Maintenant, je suis debout sur le trottoir, regardant le visage abasourdi de ma meilleure amie, et tout ce que je veux faire, c'est courir vers elle et la prendre dans mes bras. Mais son expression choquée se transforme rapidement en cette expression de colère effrayante que je connais trop bien.
"Qu'est-ce que tu fais ici ?" Elle grogne en croisant les bras sur sa poitrine.
D'accord... ce n'est pas la réaction que j'espérais, mais je la mérite.
"Je suis ton nouveau colocataire." Je dis calmement.
Elle ricane et ramasse ses cartons.
"Qu'est-ce que tu fais ?" Je demande quand elle me dépasse et se dirige vers la vieille voiture cabossée qu'elle a depuis ses seize ans.
"Je ne reste pas ici avec toi. Toi... connard !" Elle crie sans même me regarder.
Je dois réprimer un sourire parce qu'elle ne jurait jamais avant et ça sonne presque adorable.
"Wow, ça fait mal, Bumble Bee ! Dis-moi ce que tu ressens vraiment." Je taquine, mais elle se retourne si vite que je fais un bond en avant pour empêcher certaines de ses affaires de tomber par terre.
"Ne m'appelle pas comme ça ! Nous ne sommes plus amis, alors tu n'as pas le droit d'utiliser mes surnoms." Elle crie.
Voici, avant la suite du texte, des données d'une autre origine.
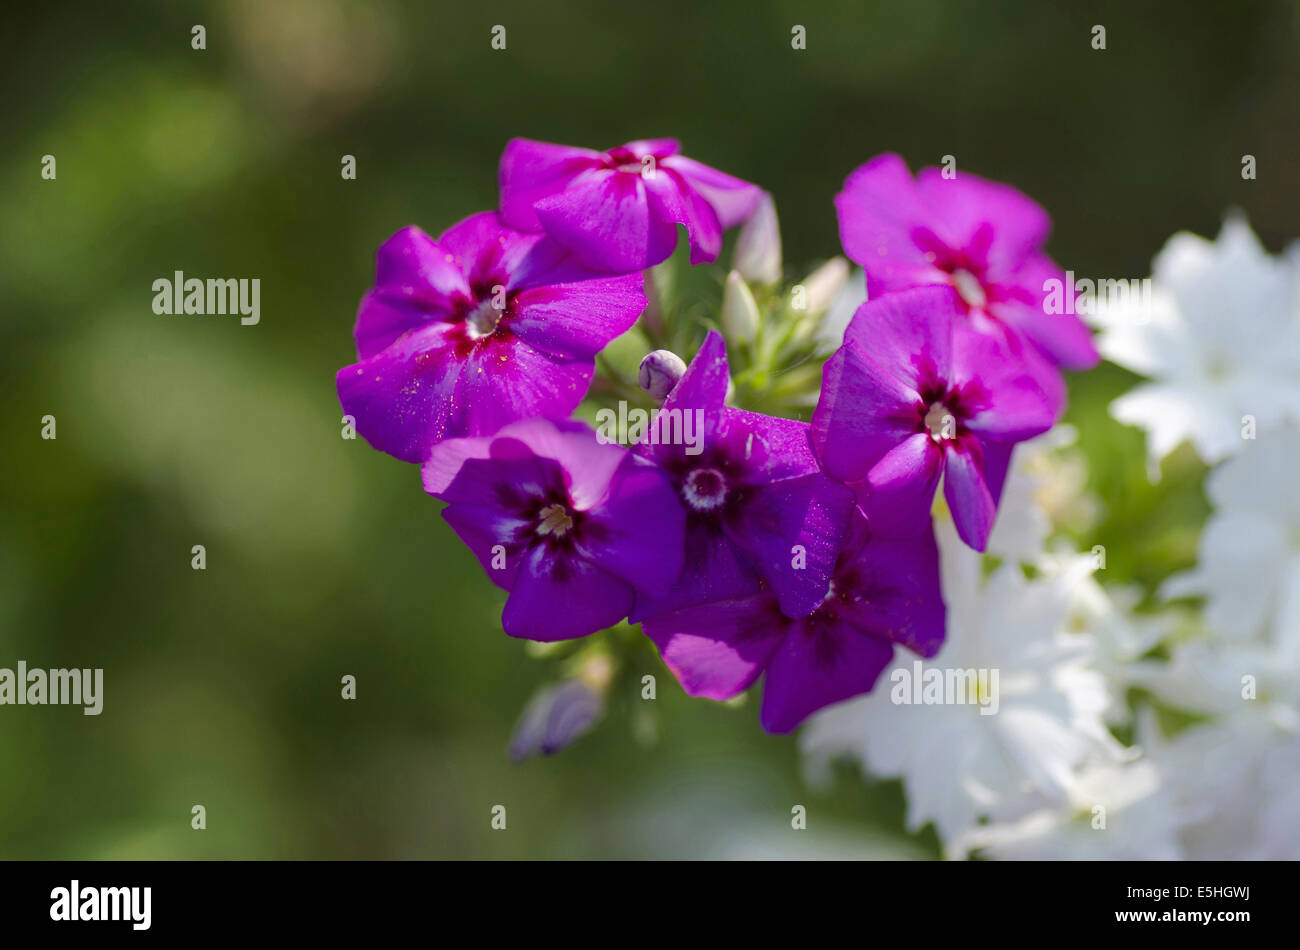 Eine Reihe von kleinen violetten Blüten, Harish-Chandra Research Institut Campus, Allahabad, Uttar Pradesh, Indien Stockfoto

Je lève les mains en signe de reddition et recule d'un pas. "D'accord. Je ne t'appellerai plus par tes surnoms. Mais ne pars pas, d'accord ? Il est tard et je ne veux pas que tu dormes dans ta voiture ou quelque chose comme ça. Le bureau des logements est fermé, donc tu ne peux rien faire maintenant. Viens juste à l'intérieur et reste cette nuit."
Elle plisse les yeux en me regardant. "Pourquoi devrais-je rester dans une maison avec un gars qui se disait mon meilleur ami et qui m'a ensuite ignorée pendant des années. Des années, Sawyer ! Je veux dire, c'est quoi ce délire ?"
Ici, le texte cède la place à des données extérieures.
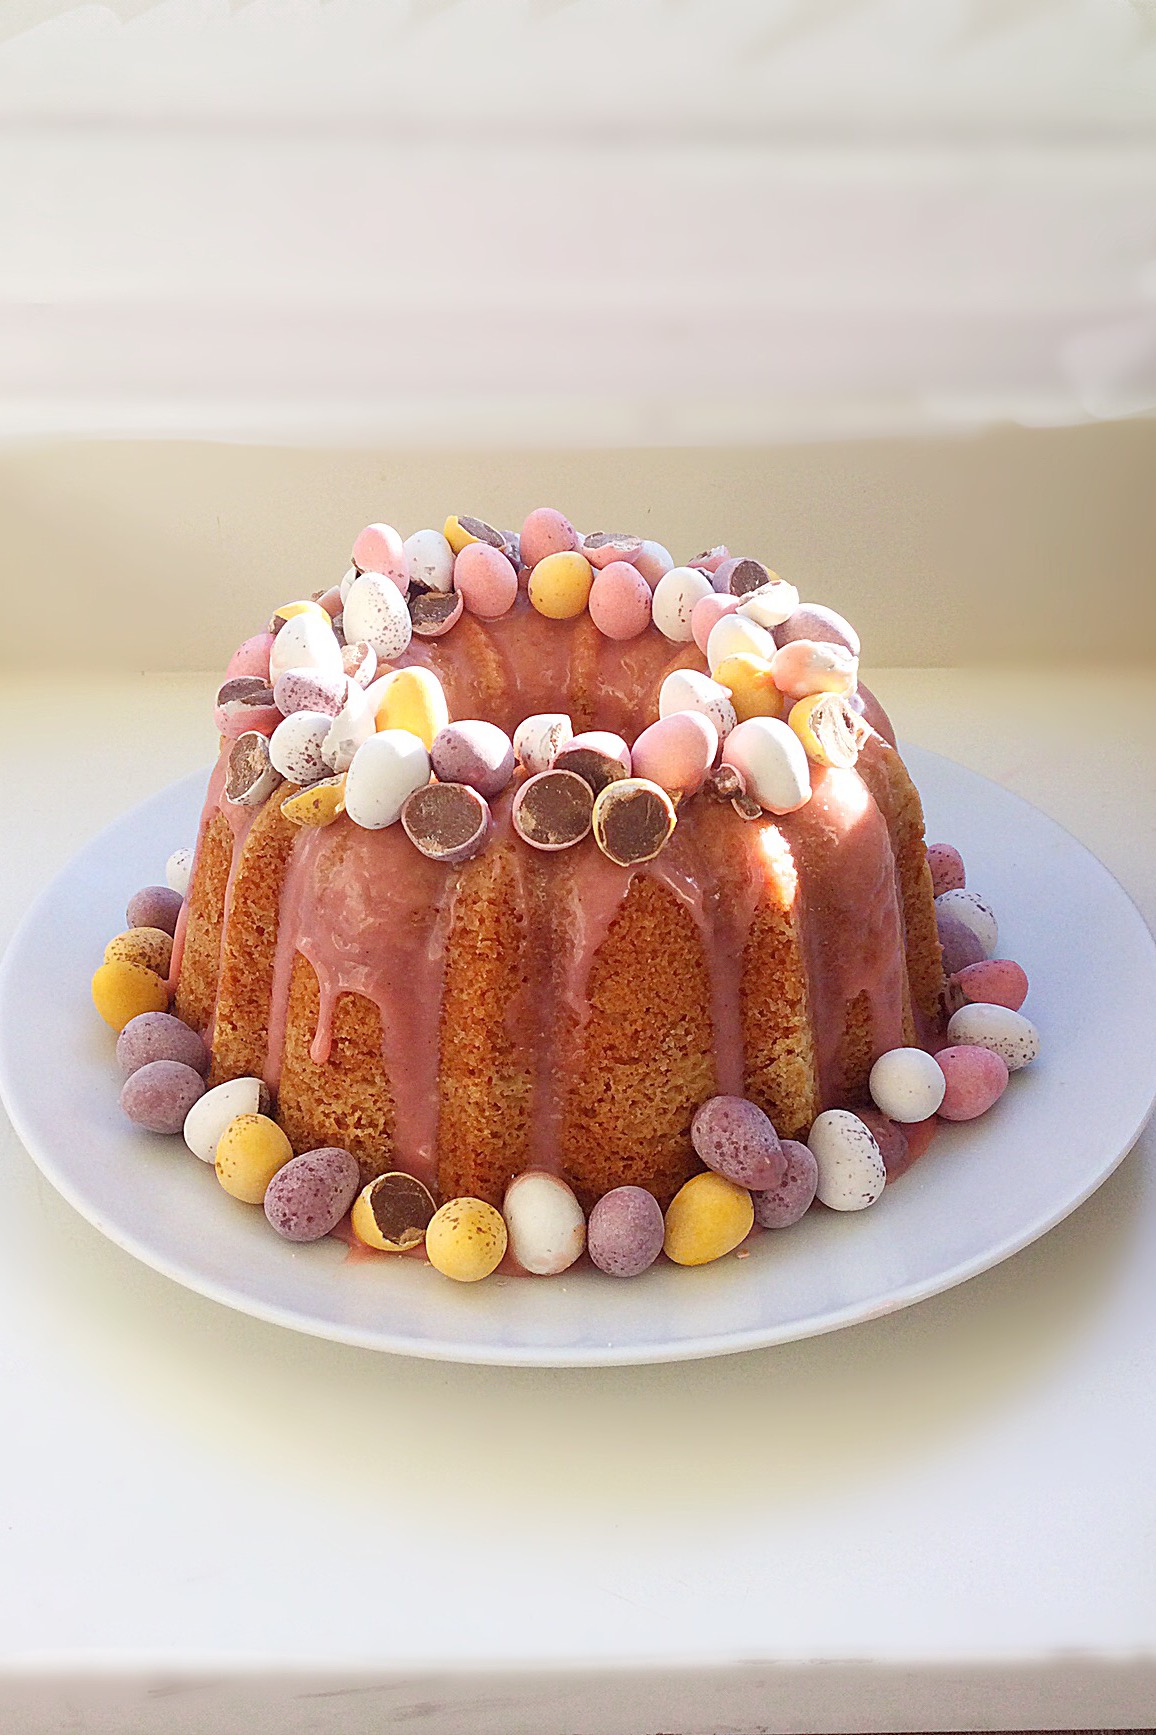 The Best Carrot Cake: Easter Bundt Cake Recipe - Steam & Bake

Je grimace face à la dure vérité de ce que je lui ai fait. Elle a toutes les raisons d'être furieuse contre moi, mais je ne reculerai pas. Parmi toutes les erreurs que j'ai commises, celle-ci était la pire. Elle était la seule personne dans ma vie qui voyait chaque partie de moi. Le bon et le mauvais que j'essayais de ne montrer à personne d'autre, et je l'ai déchirée en la mettant de côté.
"Tu as toutes les raisons d'être en colère mais-"
"Ouais, j'en ai ! Et je compte bien profiter de cette colère pendant longtemps !"
Mon Dieu, elle m'a manqué. Elle a cette façon d'être à la fois douce et impertinente qui la rend si agréable à côtoyer. Je l'accaparais entièrement quand nous grandissions parce que j'avais besoin d'elle, mais je sais qu'elle aurait eu tellement d'amis.
"D'accord, mais pourquoi ne pas être en colère et bien dormir aussi ?" Je propose, mais elle souffle.
Je sais ce qui va suivre. C'est comme si rien n'avait changé chez elle. Sauf le fait qu'elle est maintenant incroyablement belle. Elle a toujours été jolie, mais toute cette mignonne enfance s'est transformée en cette beauté que je n'arrive pas à comprendre. Voir mon amie d'enfance devenir une femme magnifique est un vrai choc.
Comme je l'avais prévu, elle pose ses affaires et commence à faire les cent pas en marmonnant pour elle-même. Elle faisait la même chose quand nous étions enfants et qu'elle était furieuse contre moi. C'était sa façon d'avoir une dispute complète sans exploser sur moi. Même quand elle était en colère, elle essayait d'être une bonne personne.
"Bryn."
Elle lève une main pour m'arrêter et je la laisse continuer son auto-argumentation. Cela dure plusieurs minutes jusqu'à ce qu'elle s'arrête enfin et laisse tomber sa tête en arrière. Quand elle me regarde à nouveau, je vois une guerre d'émotions sur son visage. C'est comme si elle voulait dire non, mais c'est moi.
"D'accord. Mais je chercherai un autre endroit où rester demain. Je suis trop fatiguée pour te crier dessus ce soir. Maintenant, tu as la clé ?"
Je sors la clé de ma poche et la tiens en l'air.